Inhibitory effect of dsRNA TLR3 agonist in a rat hepatocellular carcinoma model.

Hepatocellular carcinoma (HCC) is one of the most common types of malignant tumor. Studies have demonstrated that the toll­like receptor 3 (TLR3)/interferon pathway is inhibitory in cancer cell proliferation, suggesting that the activation of this pathway may have therapeutic potential. In the present study, the inhibitory effects of BM­06, a double­stranded (ds)RNA TLR3 agonist, against HCC were studied in vivo. Using a 2­acetylaminofluorene-induced HCC rat model, histological examination and analysis of corresponding biomarkers following treatment with BM-06, showed a decrease in tumor growth and cell proliferation, and an increase in apoptosis compared with that in a phosphate­buffered saline control group. In addition, the observed antitumor effect of BM­06 in the HCC rat model was demonstrated to be superior to the known TLR3 agonist, polyinosinic-polycytidylic acid.

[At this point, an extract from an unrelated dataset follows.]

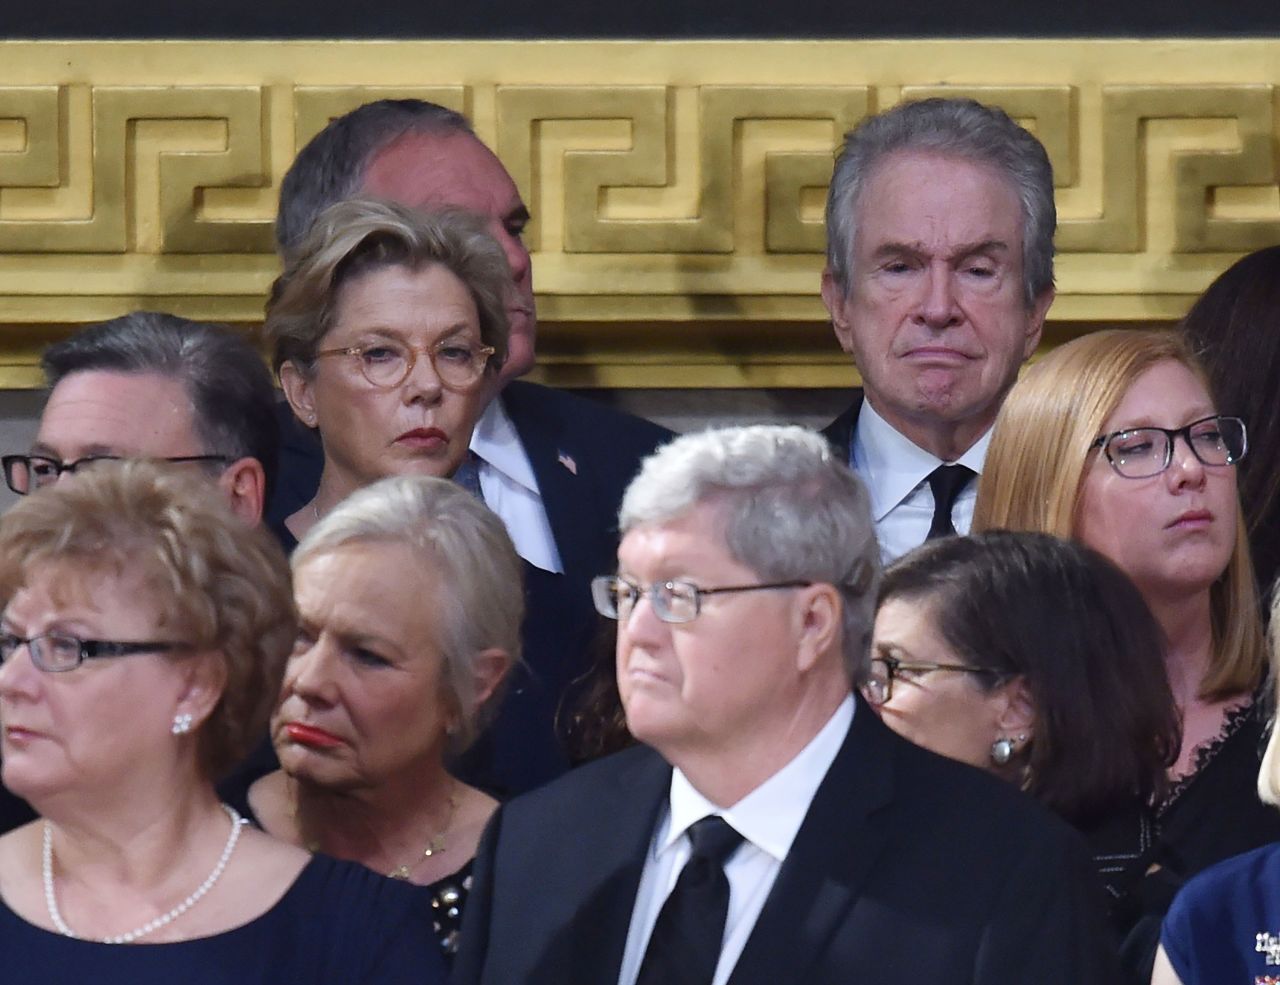 Among the guests Friday were actors Annette Bening, back left, and Warren Beatty.

TLR3 dsRNA agonist inhibits growth and invasion of HepG2.2.15 HCC cells.

Toll-like receptor 3 (TLR3) is a pattern-recognizing receptor that is involved in immune signaling and plays a crucial role in survival by being able to recognize various viral components including double-stranded RNA (dsRNA). TLR3 expression and function in cancer cells are not well understood. In this study, we investigated whether TLR3 agonist dsRNA (BM-06) can inhibit proliferation and invasion, and promote apoptosis in HepG2.2.15 cells. HepG2.2.15 cells secreting hepatitis B virus (HBV) were treated with BM-06 and poly(I:C). Western blot analysis and PCR were employed to determine pharmacodynamic changes in biomarkers relevant to TLR3 signaling. Cell proliferation, invasion and apoptosis were analyzed by CCK-8 assay, transwell assay and flow cytometry. The expression of HBsAg, and HBcAg was observed by immunohistochemistry. Compared with untreated cells, pharmacological NF-κB activity of the TLR3 pathway by BM-06 (1.734-fold) or poly(I:C) (1.377-fold) was induced. By western blot analysis, we found that dsRNA induced TLR3-activated HepG2.2.15 cells which expressed NF-κB levels predominantly in the cytoplasmic fraction but fewer signals in the nucleus. BM-06 inhibited the proliferation, invasion and secretion of HBV, and induced apoptosis in HepG2.2.15 cells. In addition, the antitumor effects of BM-06 were superior to poly(I:C). Pharmacological activation of the TLR3 pathway by BM-06 can inhibit HepG2.2.15 cell growth.